One Joint Base Lewis-McChord officer who spoke to The News Tribune on condition of anonymity will be compelled to leave the Army with 20 years of total service, but only seven years and four months as an officer.

As a result, he’ll retire as a sergeant first class — his last rank before becoming an officer — and lose $1,100 a month in his pension.

“It’s taking me back to what I would have made 11 years ago,” he said. “Had I not switched over to becoming an officer, I would have been promoted and earned more.”

Murray and 14 other lawmakers want the Army to change its policy on early separations for these soldiers by allowing them to stay in uniform until they accumulate enough time to retire as officers.

So, the JBLM officer who spoke to The News Tribune would be allowed to stay in the Army for another eight months.

“We strongly urge you to take the necessary steps to rectify this situation in order to allow these soldiers to retire at the rank they have earned and appropriately honor their service to our nation,” the senators wrote.

It’s unclear what it would cost to fulfill their request.

McHugh has received the letter and will respond to it, said his spokesman, Lt.
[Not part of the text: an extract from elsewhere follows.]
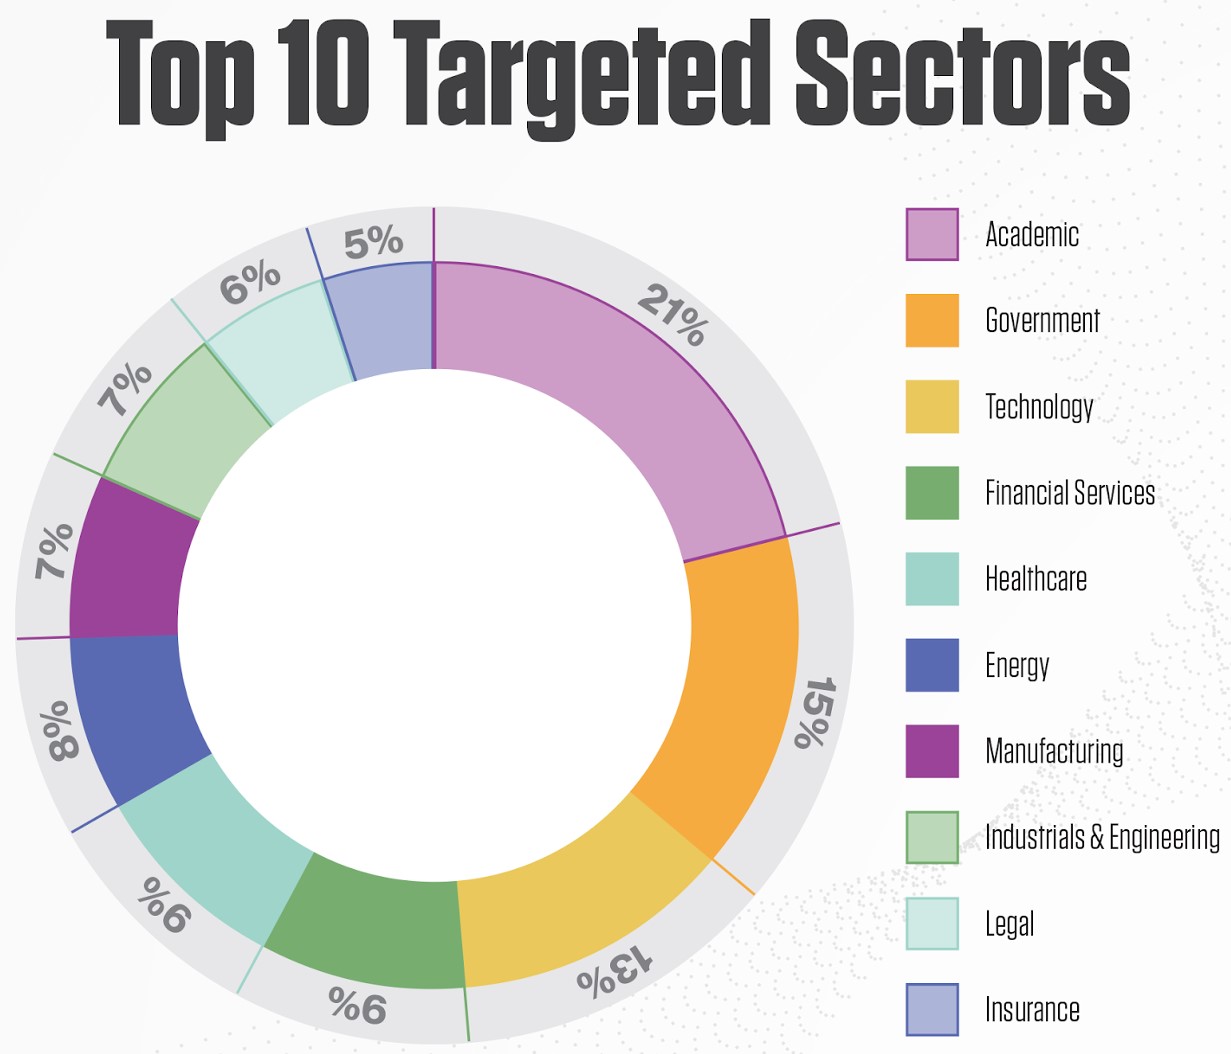 Top 10 targeted sectors by access brokers

Col. Chris Kasker.

The Army is on a path to cut more than 110,000 active-duty soldiers from its peak wartime strength of 562,000 soldiers in 2012. It has about 510,000 active-duty soldiers today, and it is expected to drop to about 450,000 by 2019.

Army leaders have said repeatedly that capable soldiers will be forced to leave the military because of the speedy drawdown. The crunch could intensify if lawmakers fail to repeal the forced federal budget cuts known as sequestration, which could cause the Army to cut another 30,000 active-duty positions.

“They’re in the Army now, and in other times they’d probably continue to stay in the Army. But this is not normal times,” then-Army Vice Chief of Staff Gen. John Campbell told Stars and Stripes in June.

The Army has not described the criteria it used in the boards. The New York Times recently obtained an internal Army report that showed enlisted soldiers who became officers were far more likely to be chosen for an early separation than those who became officers after attending West Point.

Some of the officers being chosen for early retirements were noncommissioned officers during the Iraq and Afghanistan wars. They were encouraged to apply to become officers to meet the Army’s then-growing demand for junior officers to lead platoons and companies on the battlefield.

“The Army was asking NCOs to become officers because they were short,” said the JBLM officer who spoke to The News Tribune. He deployed to both wars as an officer.

He was blindsided when he was chosen for an early separation this summer because his command had told him he looked like a strong candidate to stay in the Army.

“It seemed like a mistake,” he said.

Now he’s trying to figure out what he’ll do after leaving the military.

“Well, I’m trying to start networking, which is something I had not thought about before,” he said.